Shared regulatory factors influencing mRNA translation rate and half-life in yeast.

Extensive research has highlighted the role of codon composition in regulating co-translational mRNA decay. Translational efficiency is often measured using a codon usage metric like the codon adaptation index (CAI), while mRNA stability is assessed through sequence- and structure-dependent metrics such as codon stabilization coefficient and internal unstructured segments (IUS). However, the question remains whether sequence-dependent translation parameters can influence mRNA stability, or if stability-related parameters can, in turn, regulate mRNA translation and overall co-translational decay. Our approach integrates yeast mRNA sequence, structural, and ribosomal density (RD) data to explore the interconnected regulatory determinants that govern mRNA translation and degradation.
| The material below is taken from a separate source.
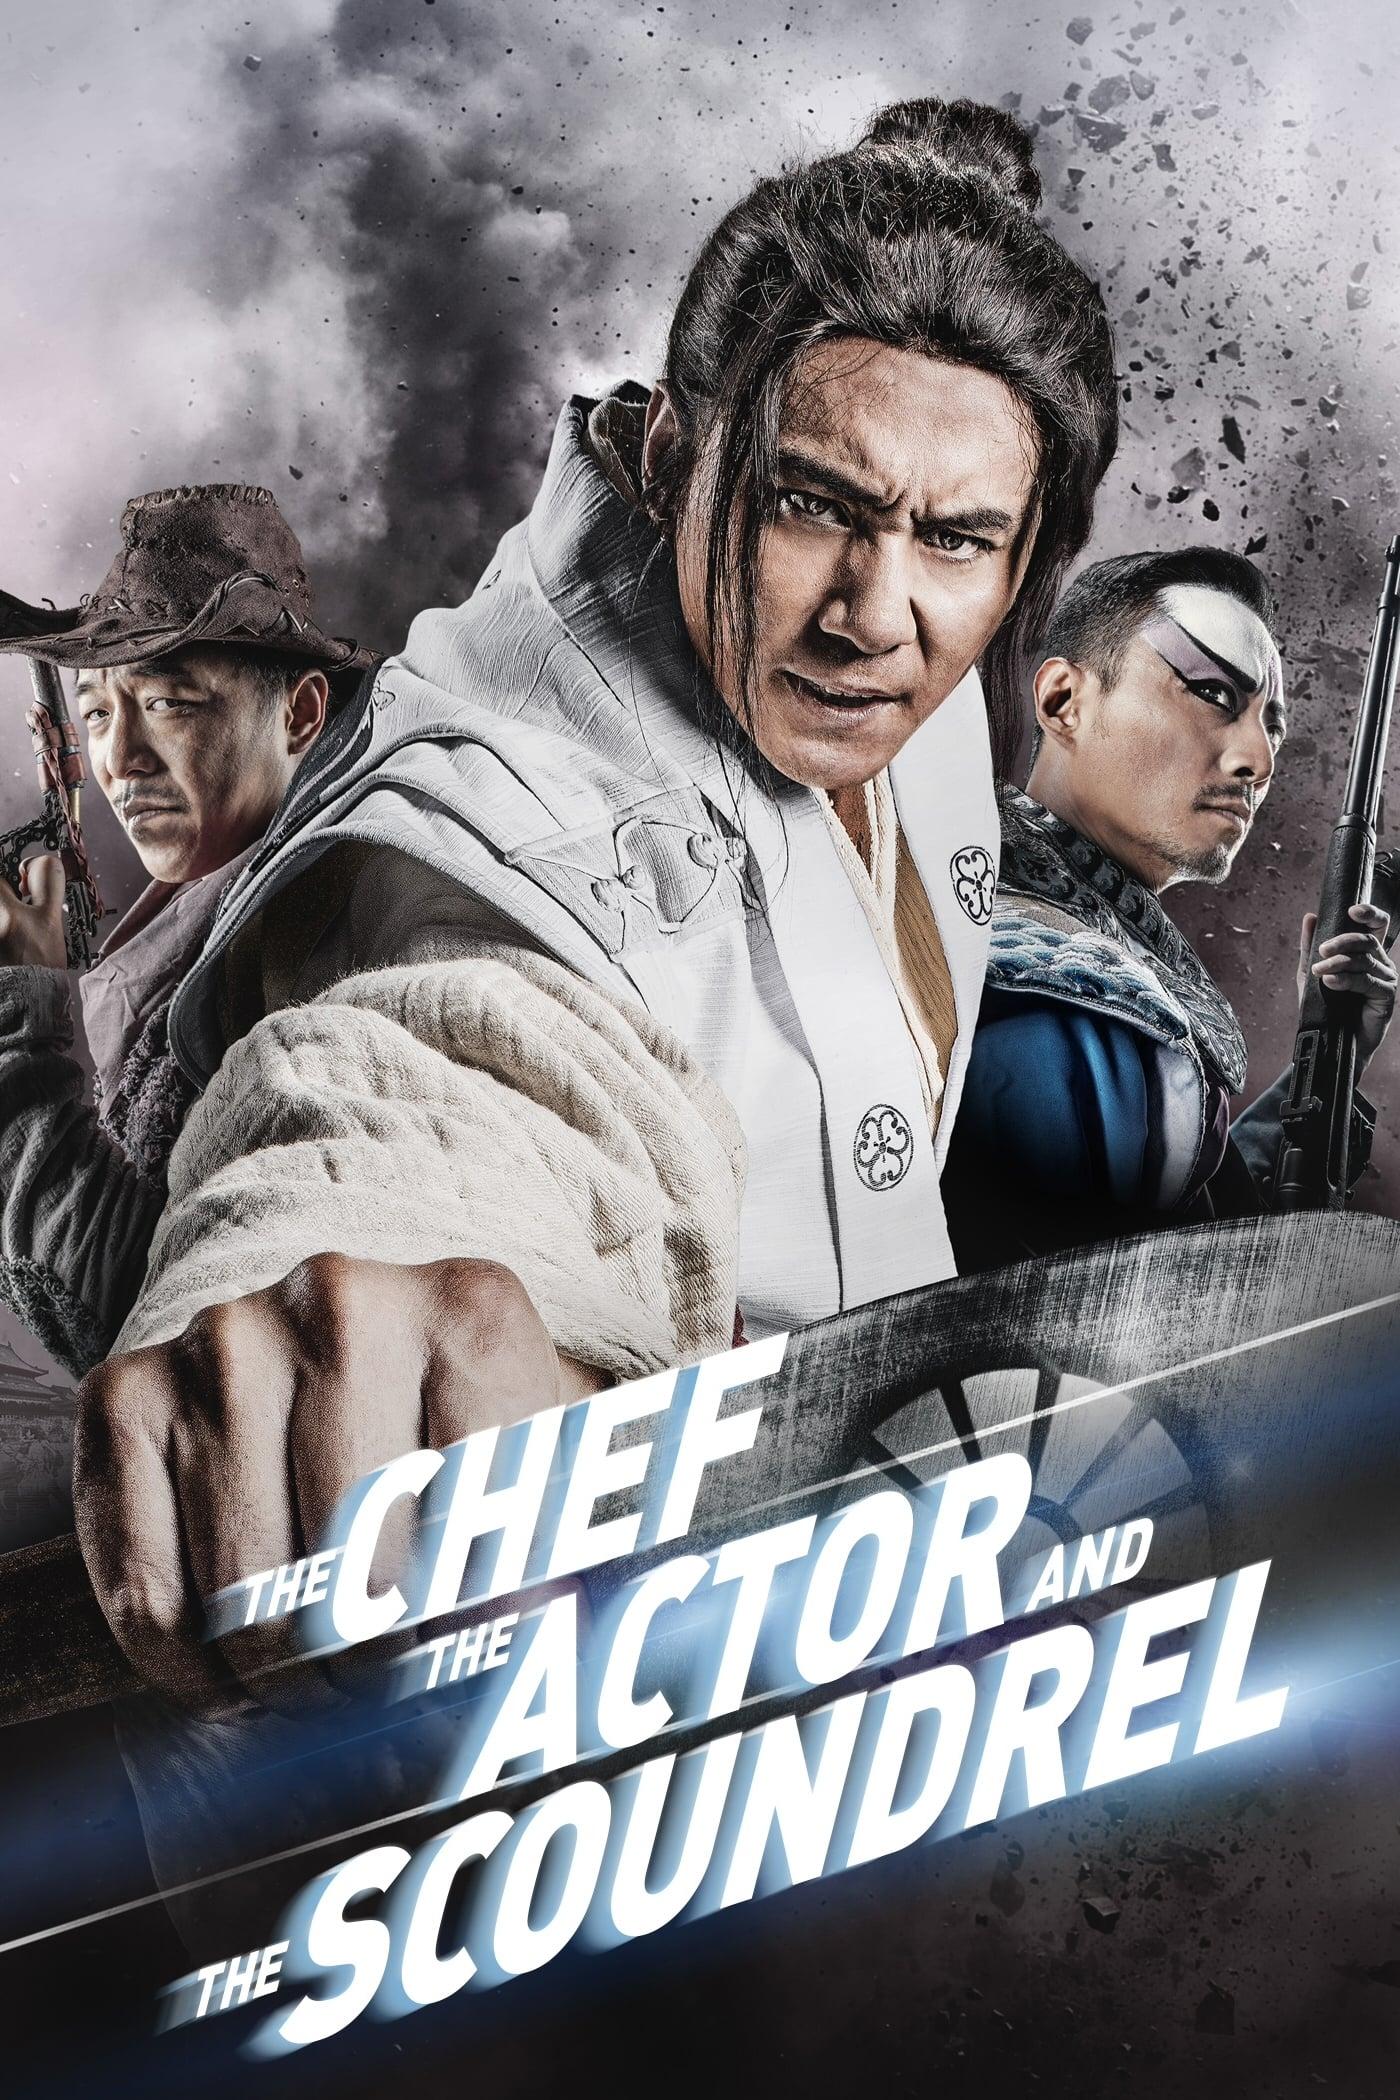 The Chef, The Actor, The Scoundrel poster

Our findings offer new insights into how codon preferences and mRNA structuredness impact these processes, with CAI predominantly shaping translation rates and IUS affecting mRNA decay. Additionally, we observe that the impact of RD on co-translational mRNA decay is context-specific, depending on the dynamics of the primary regulators. These primary regulators are conserved across the genome and throughout evolution, emphasizing their importance in maintaining cellular function. We propose that optimizing both CAI and IUS is essential for improving mRNA-based drug delivery systems. A deeper understanding of the relationship between these factors could lead to more effective mRNA therapeutics.